Inclusion Criteria: * Male or female ≥ 9 years of age. * Primary, axillary hyperhidrosis of at least 6 months duration. * Hyperhidrosis Disease Severity Scale (HDSS) of 3 or 4 at Baseline. * Axillary Sweating Daily Diary (ASDD) ≥ 4 at Baseline. * Sweat production of at least 50 mg over 5 minutes in each axilla assessed gravimetrically.
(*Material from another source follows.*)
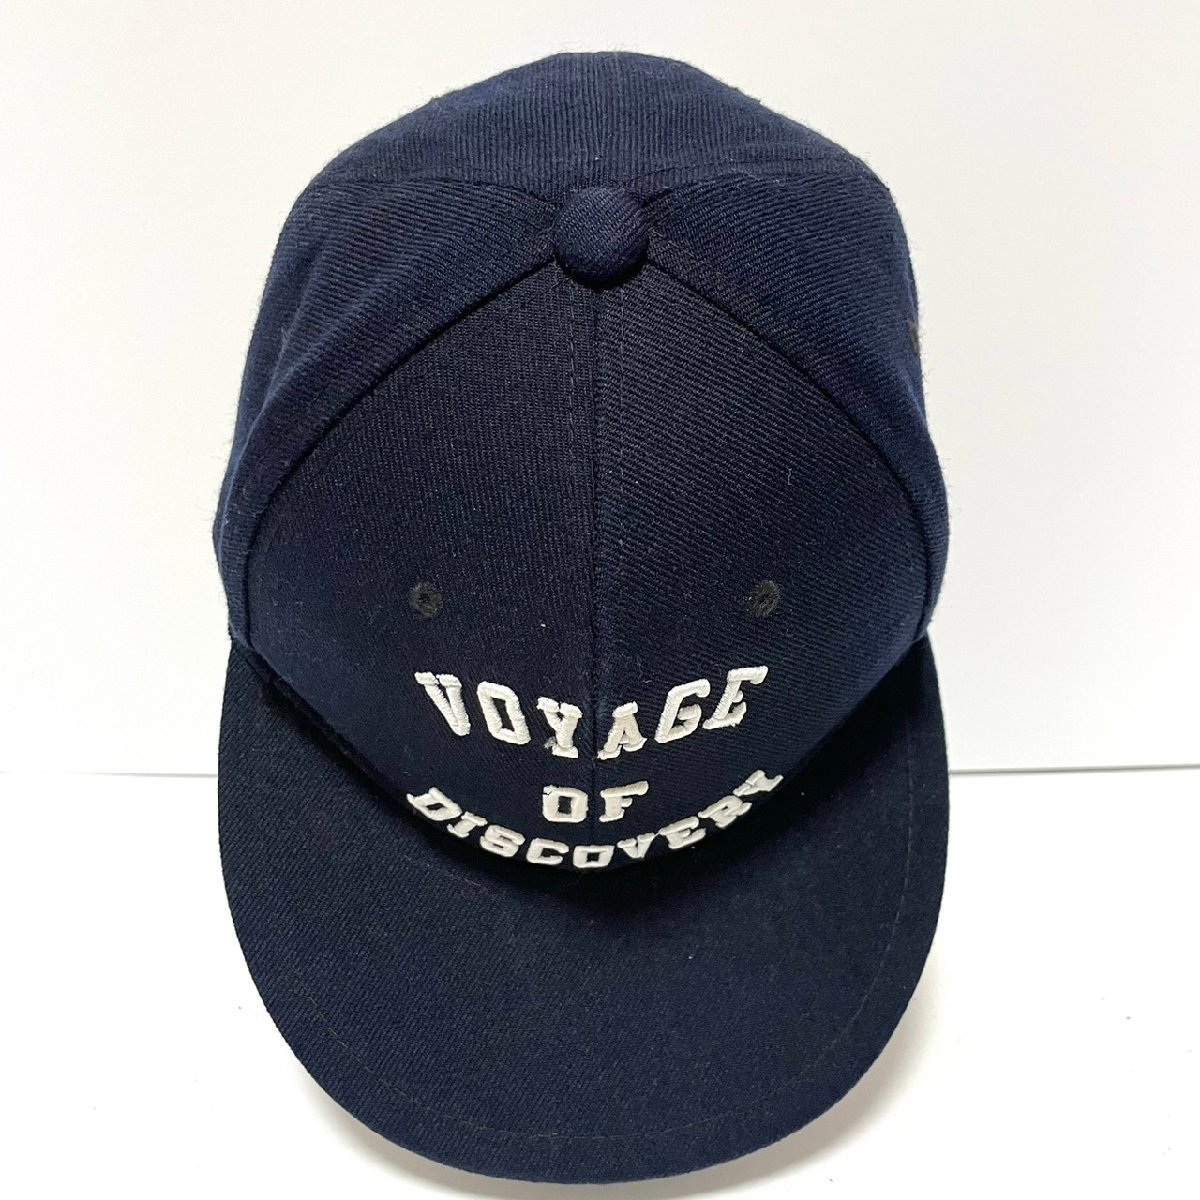 (^w^)b ヒデトレーディング キャップ 帽子 CAP ネイビー HIDETRADING VOYAGE OF DISCOVERY NYC メッセージ スナップバック C0500EEの画像6

Exclusion Criteria: * Prior surgical procedure for hyperhidrosis. * Prior axillary treatment with an anti-hyperhidrosis medical device (approved or investigational). * Prior treatment with botulinum toxin (e.g., Botox®) for axillary hyperhidrosis within 1 year of Baseline/Day 1. * Previous active treatment in the Dermira DRM04-HH01 or DRM04-HH02 clinical trials. * Axillary use of nonprescription antiperspirants within 1 week or prescription antiperspirants within 2 weeks of Baseline. * Subjects on new or regimens of psychotherapeutic medications that have changed within 2 months of baseline. * Treatment with systemic anticholinergics within 4 weeks of the baseline visit unless dosing has been stable for at least 4 months. * Other treatment with glycopyrrolate within 4 weeks prior to Baseline. * Secondary axillary hyperhidrosis or presence of a condition that may cause secondary hyperhidrosis. * History of Sjögren's syndrome or Sicca syndrome. * History of glaucoma, inflammatory bowel disease, toxic megacolon, or febrile illness. * Men with a history of urinary retention requiring catheterization due to prostatic hypertrophy or severe obstructive symptoms of prostatic hypertrophy. * History or presence of ventricular arrhythmias, atrial fibrillation, atrial flutter. * Other systemic diseases or active uncontrolled infections, or any other condition which, in the judgment of the Investigator, would put the subject at unacceptable risk for participation in the study.